Democratization of Data and Analytics: The tools used to build AI-powered solutions are expanding from tools targeting data scientists (AI infrastructure, AI frameworks and AI to tools targeting the professional developer community (AI platforms and AI services) and the citizen data scientist. This includes tools to generate synthetic training data, which helps address a substantial barrier to ML model development.

Democratization of Design: In addition, low-code application development platform tools used to build AI-powered solutions are themselves being empowered with AI-driven capabilities that assist professional developers and automate tasks related to the development of AI-enhanced solutions. 

This expands on the low-code, no-code phenomenon with the automation of additional application development functions to empower the citizen developer. 

Democratization of Knowledge: Non-IT professionals increasingly have access to powerful tools and expert systems that empower them to exploit and apply specialized skills beyond their own expertise and training. Dealing with the issues around “shadow AI” in this user-led environment will be a challenge.

4. Distributed Cloud

This refers to the distribution of public cloud services to different locations outside the cloud providers’ data centers, while the originating public cloud provider assumes responsibility for the operation, governance, maintenance, and updates. 

This represents a significant shift from the centralized model of most public cloud services and will lead to a new era in cloud computing. Cloud computing is a style of computing in which elastically scalable IT-enabled capabilities are delivered as a service using Internet technologies. 

Private cloud refers to the creation of cloud-style services dedicated to individual companies often running in their own data centers. Hybrid cloud refers to the integration of private and public cloud services to support parallel, integrated or complementary tasks. 

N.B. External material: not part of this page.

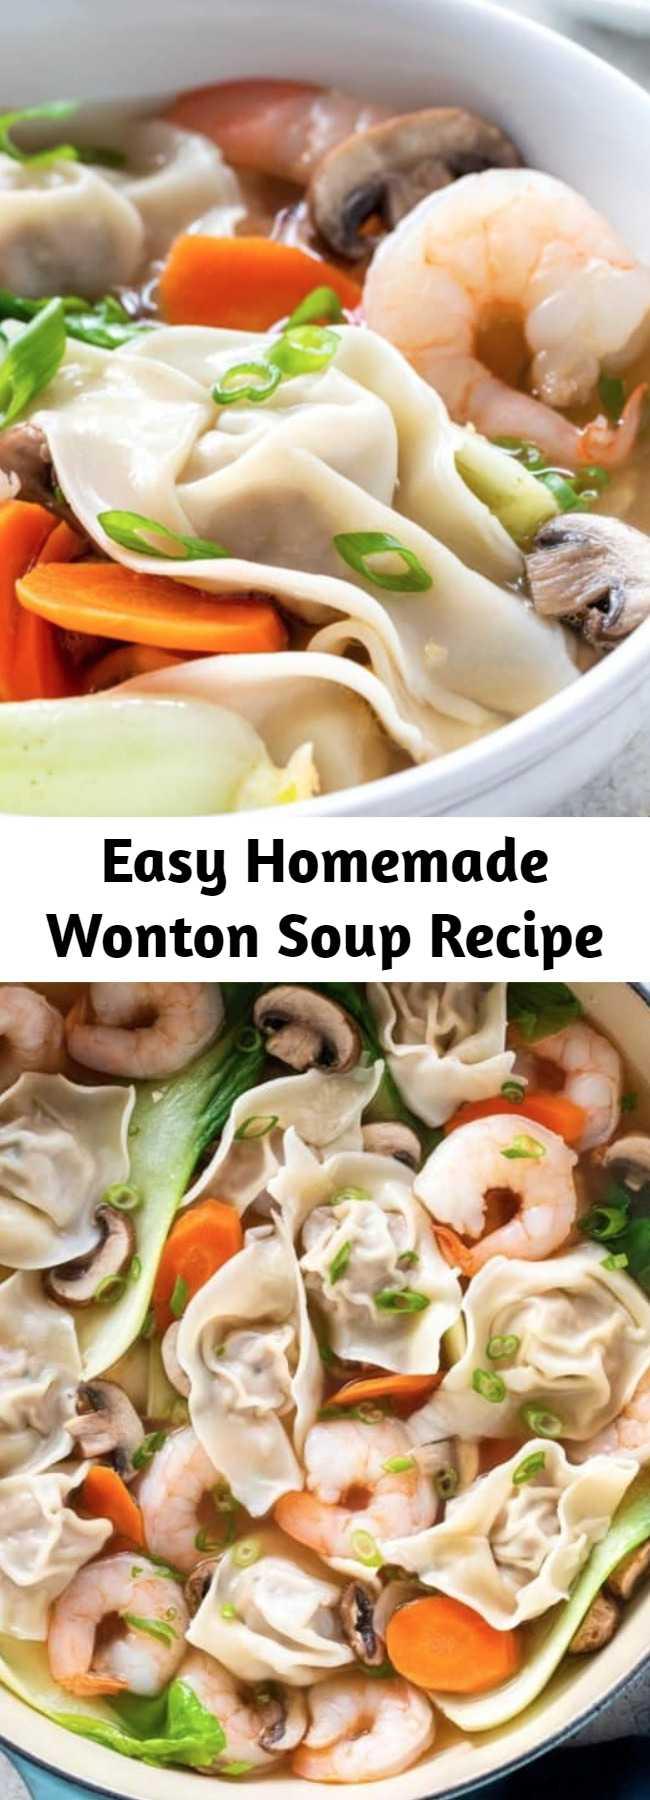 Easy Homemade Wonton Soup Recipe - This authentic homemade wonton soup recipe is easy and fun to make! Each hearty bowl is packed with plump pork dumplings, fresh vegetables and jumbo shrimp. #wontonsoup #chinesefood #dumplings

Hybrid IT and true hybrid cloud options can be valid approaches, and Gartner recommends them for certain critical use cases. However, most hybrid cloud styles break many of the cloud computing value propositions, including: 

– Shifting the responsibility and work of running hardware and software infrastructure to cloud providers 

– Exploiting the economics of cloud elasticity (scaling up and down) from a large pool of shared resources 

– Benefiting from the pace of innovation in sync with the public cloud providers 

– Using the cost economics of global hyperscale services 

– Using the skills of large cloud providers in securing and operating world-class services

5. Last but not least of our Strategic Technology Trends for 2020: AI Security

Over the next five years AI, and especially ML, will be applied to augment human decision making across a broad set of use cases. At the same time, there will be a massive increase in potential points of attack with IoT, cloud computing, microservices and highly connected systems in smart spaces. 

While this creates great opportunities to enable hyperautomation and leverage autonomous things to deliver business transformation, it creates significant new challenges for the security team and risk leaders. 

There are three key perspectives to explore when considering how AI is impacting the security space: 

– Protecting AI-powered systems: This requires securing AI training data, training pipelines and ML models. 

– Leveraging AI to enhance security defense: This uses ML to understand patterns, uncover attacks and automate aspects of the cybersecurity processes while augmenting the actions of human security analysts.

– Anticipating nefarious use of AI by attackers: Identifying these attacks and defending against them will be an important addition to the cybersecurity role.

Prepare for the impact of these technology trends. They will transform industries and businesses.